WORK ITEM:
The goal is a clean copy of all the data below, with pictures dropped and everything else retyped exactly.

DATA PROVIDED:
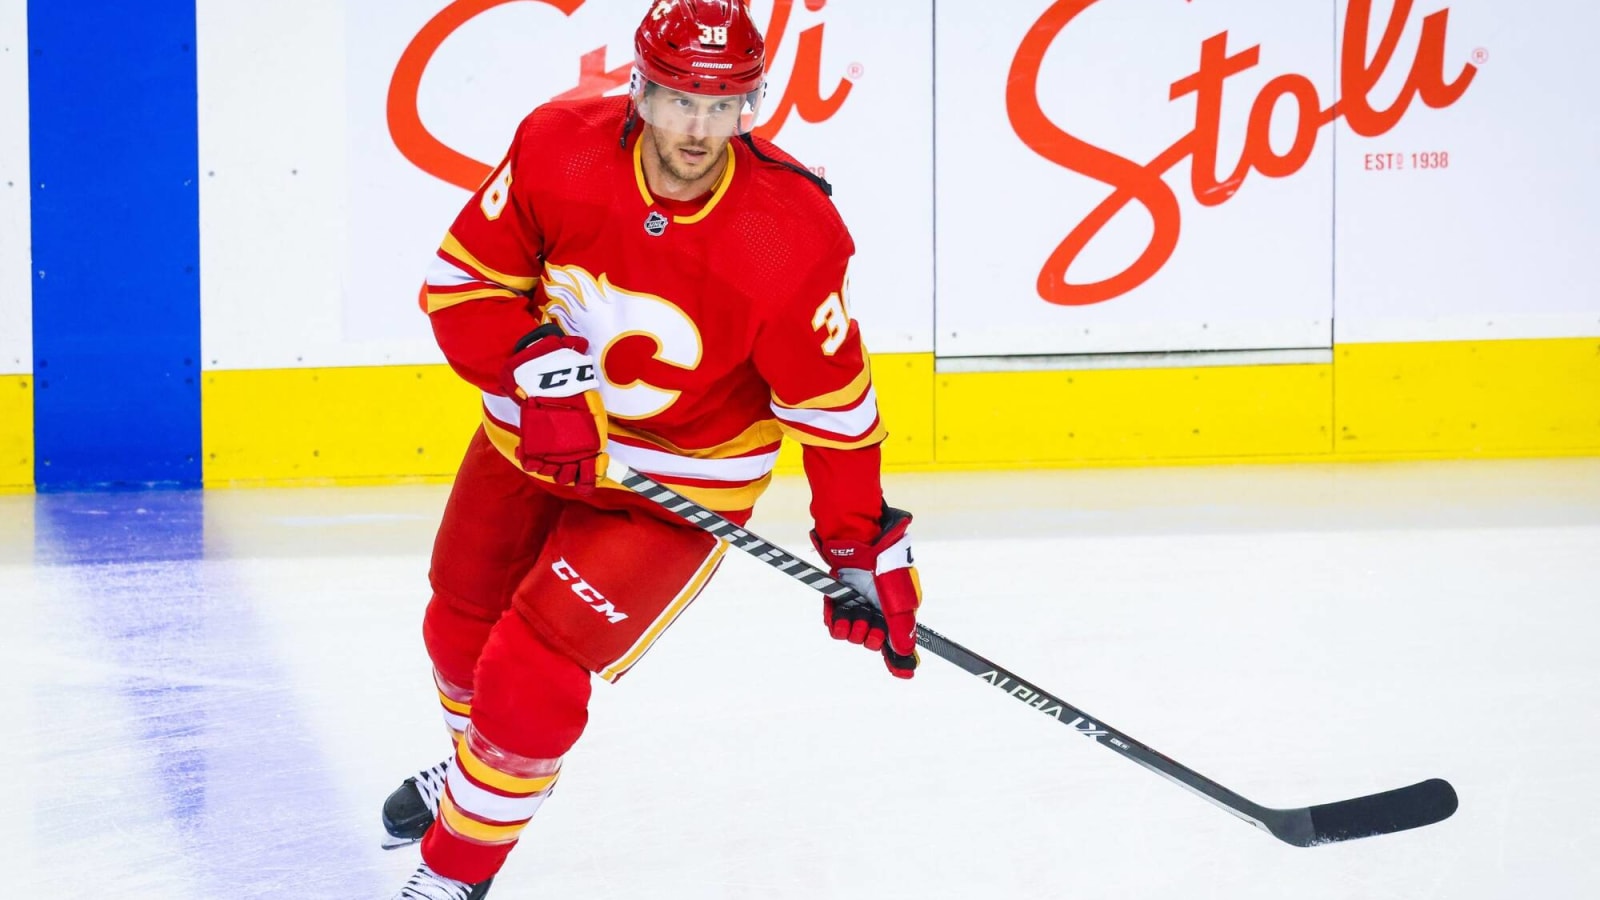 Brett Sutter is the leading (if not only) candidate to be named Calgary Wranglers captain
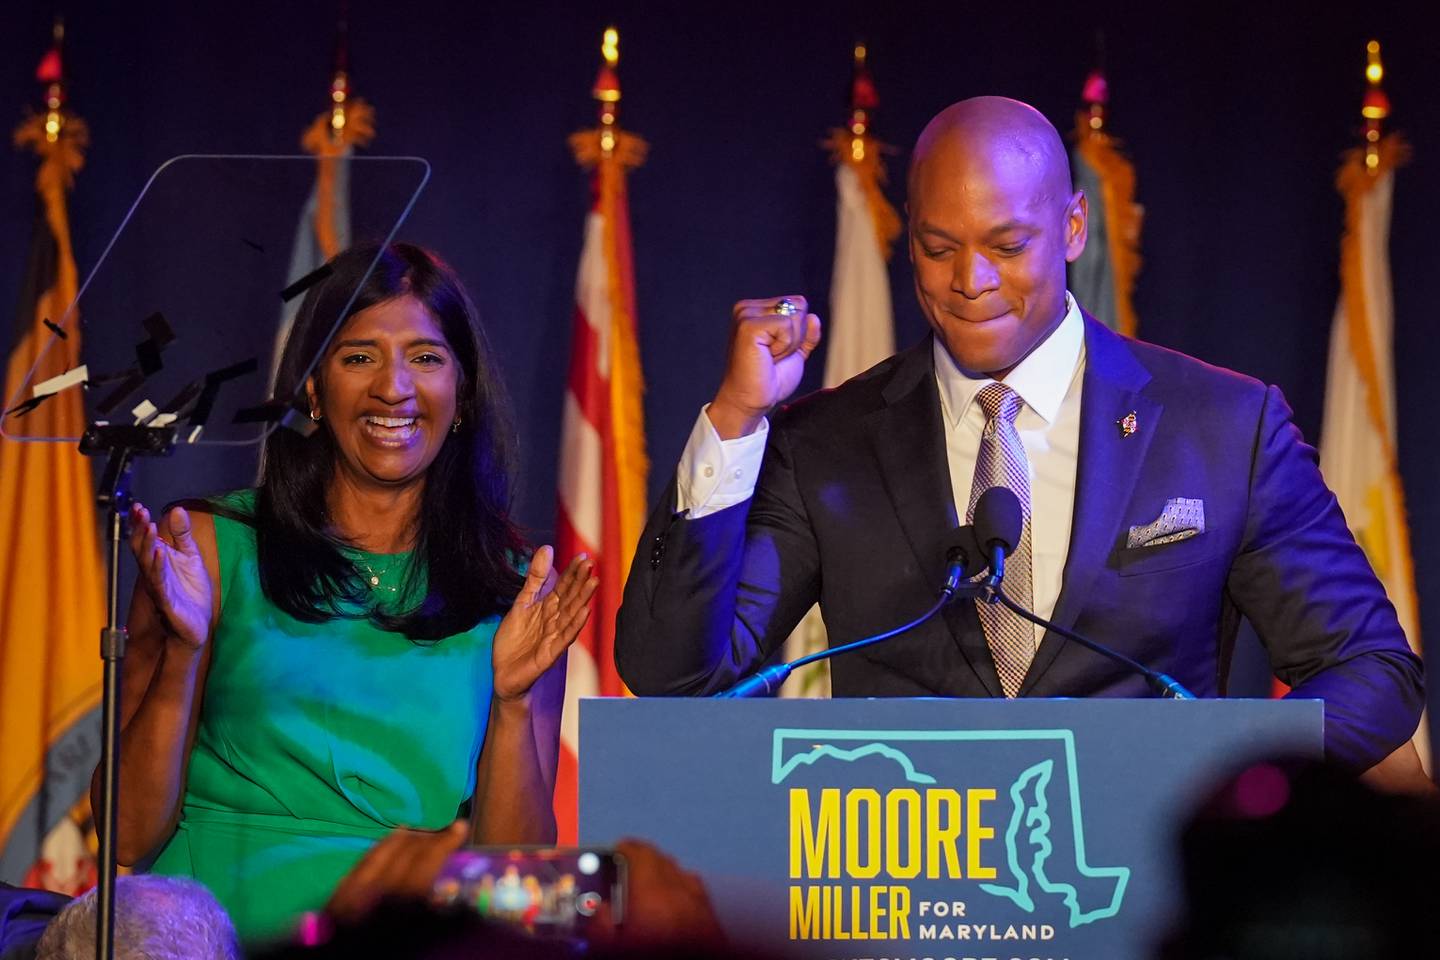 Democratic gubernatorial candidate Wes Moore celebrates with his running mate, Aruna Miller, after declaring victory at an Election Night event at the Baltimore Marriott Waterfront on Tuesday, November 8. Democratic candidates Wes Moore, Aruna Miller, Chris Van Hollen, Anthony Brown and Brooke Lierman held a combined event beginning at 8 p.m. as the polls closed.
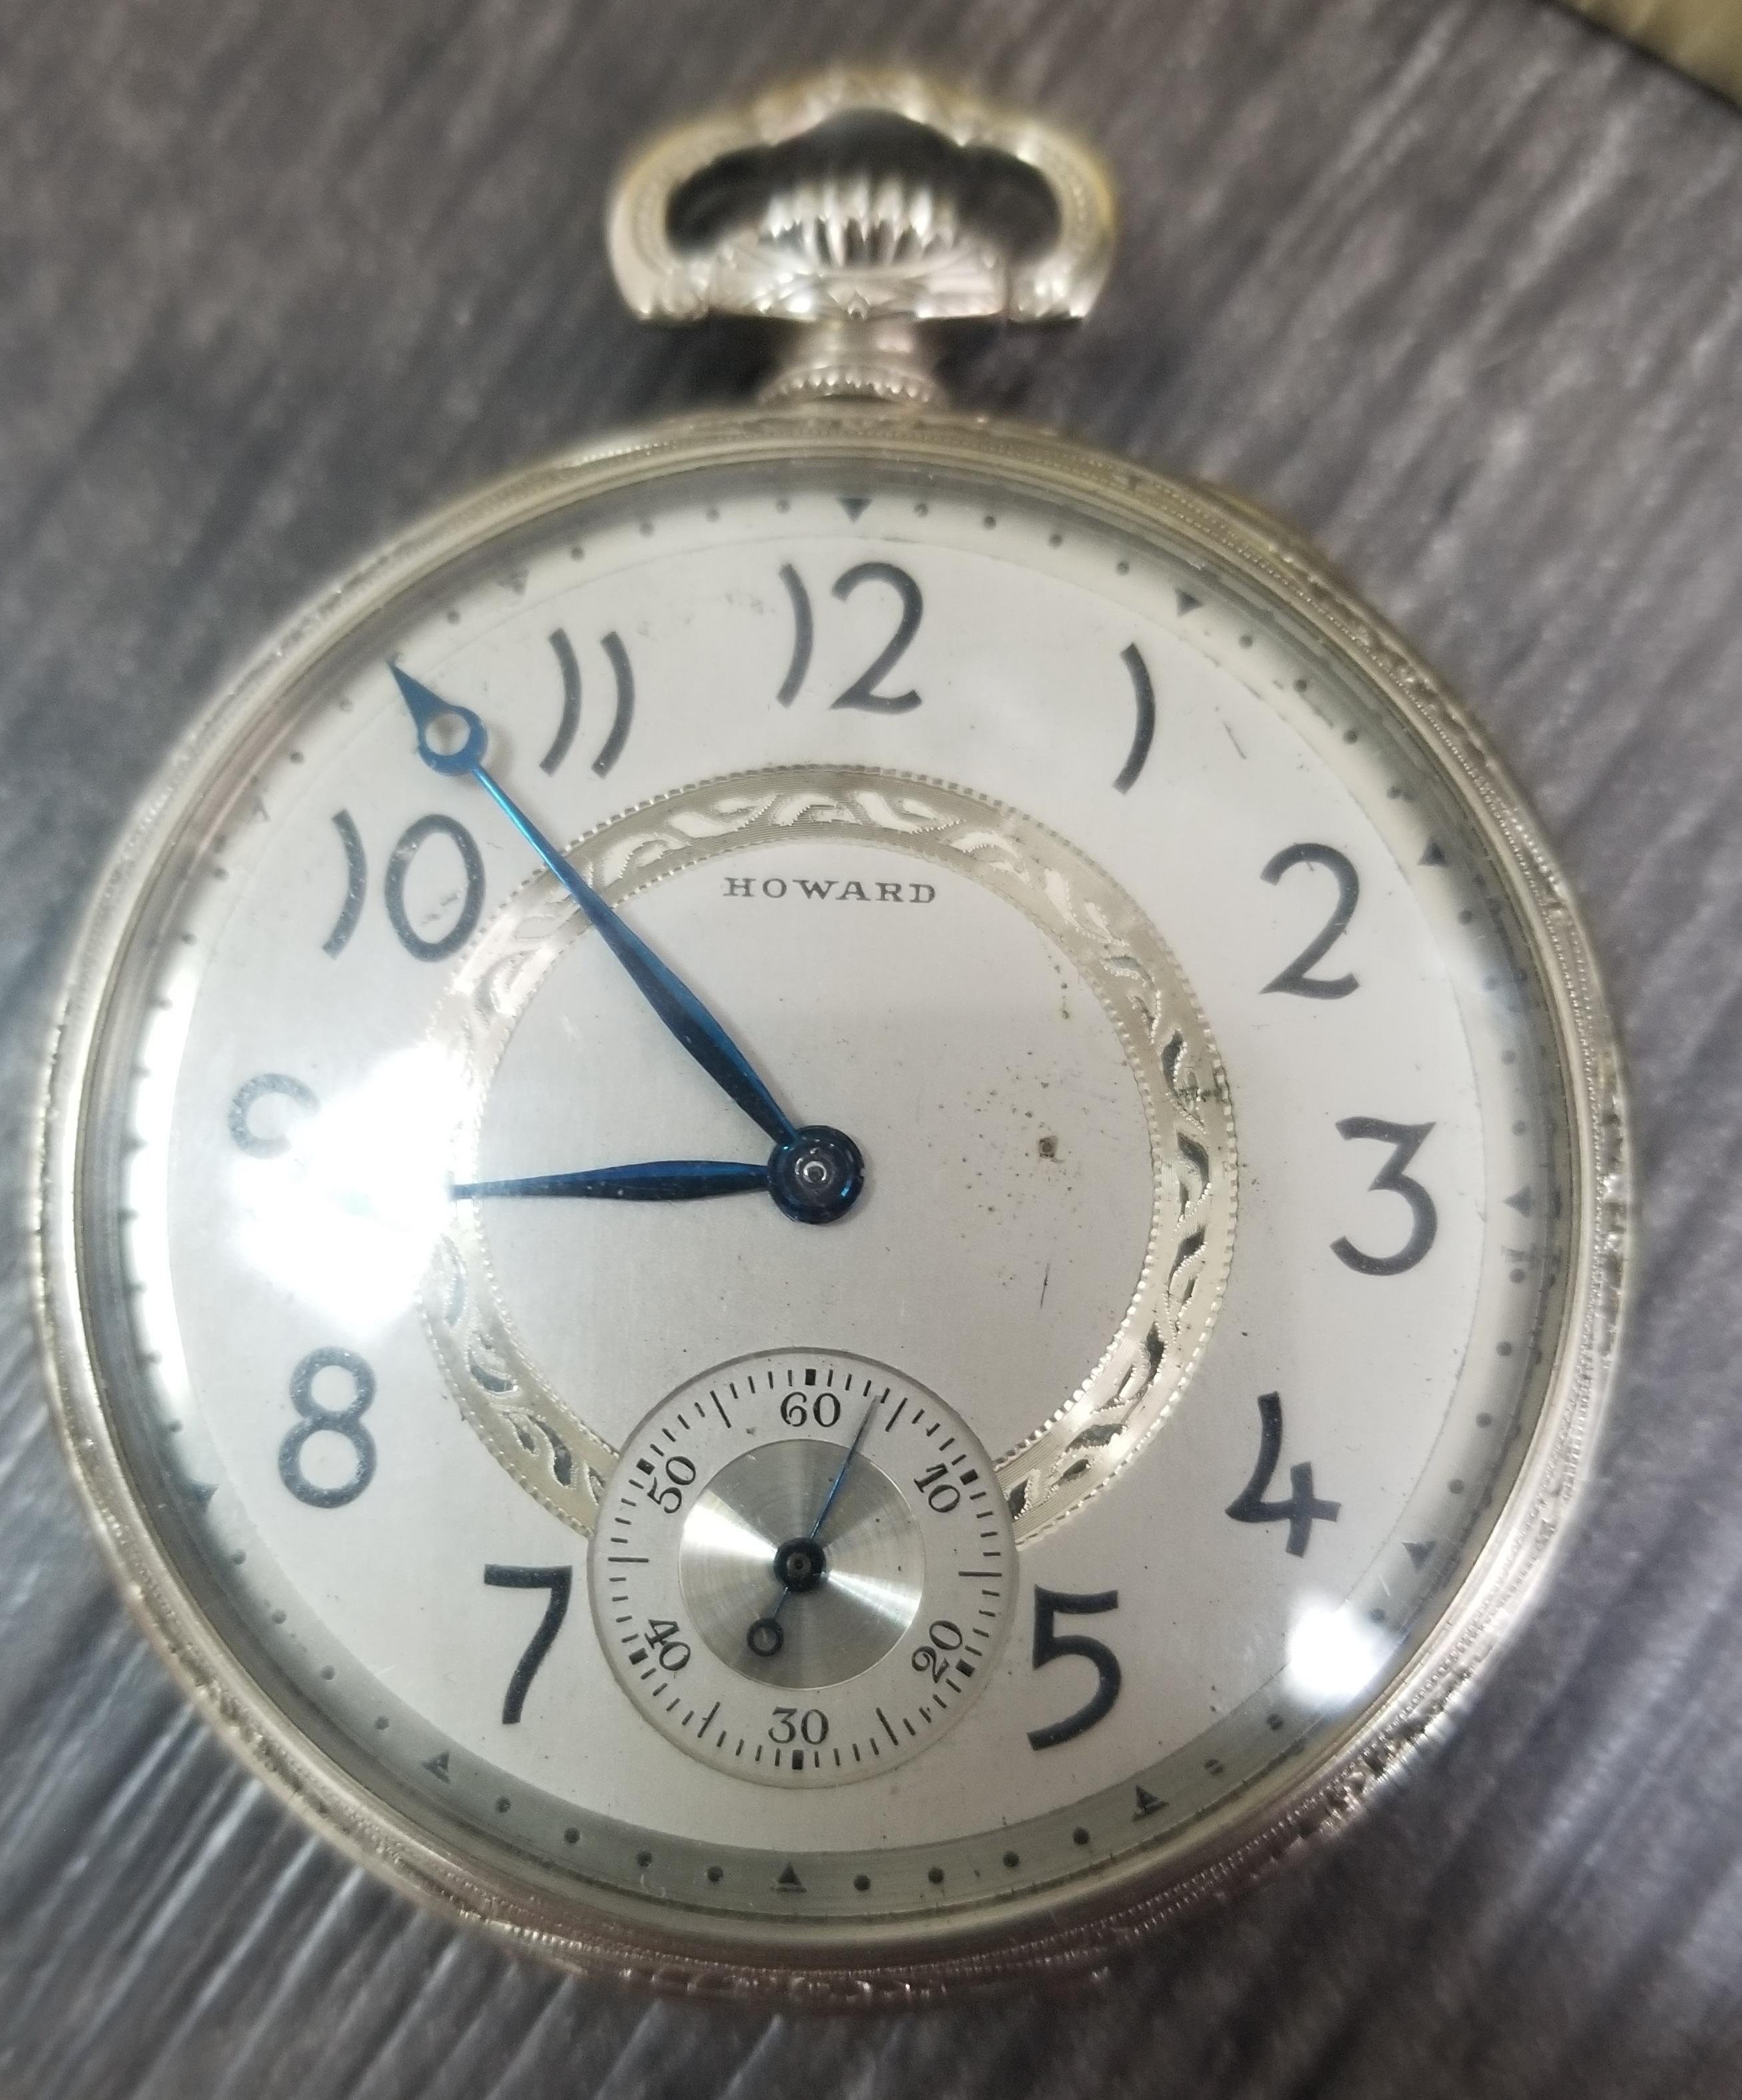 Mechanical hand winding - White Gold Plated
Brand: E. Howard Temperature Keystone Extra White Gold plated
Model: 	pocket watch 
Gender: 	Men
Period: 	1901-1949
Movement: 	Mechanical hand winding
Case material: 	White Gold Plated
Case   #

YOUR RESPONSE:
 Brett Sutter is the leading (if not only) candidate to be named Calgary Wranglers captain
 Democratic gubernatorial candidate Wes Moore celebrates with his running mate, Aruna Miller, after declaring victory at an Election Night event at the Baltimore Marriott Waterfront on Tuesday, November 8. Democratic candidates Wes Moore, Aruna Miller, Chris Van Hollen, Anthony Brown and Brooke Lierman held a combined event beginning at 8 p.m. as the polls closed.
 Mechanical hand winding - White Gold Plated
Brand: E. Howard Temperature Keystone Extra White Gold plated
Model: 	pocket watch 
Gender: 	Men
Period: 	1901-1949
Movement: 	Mechanical hand winding
Case material: 	White Gold Plated
Case   #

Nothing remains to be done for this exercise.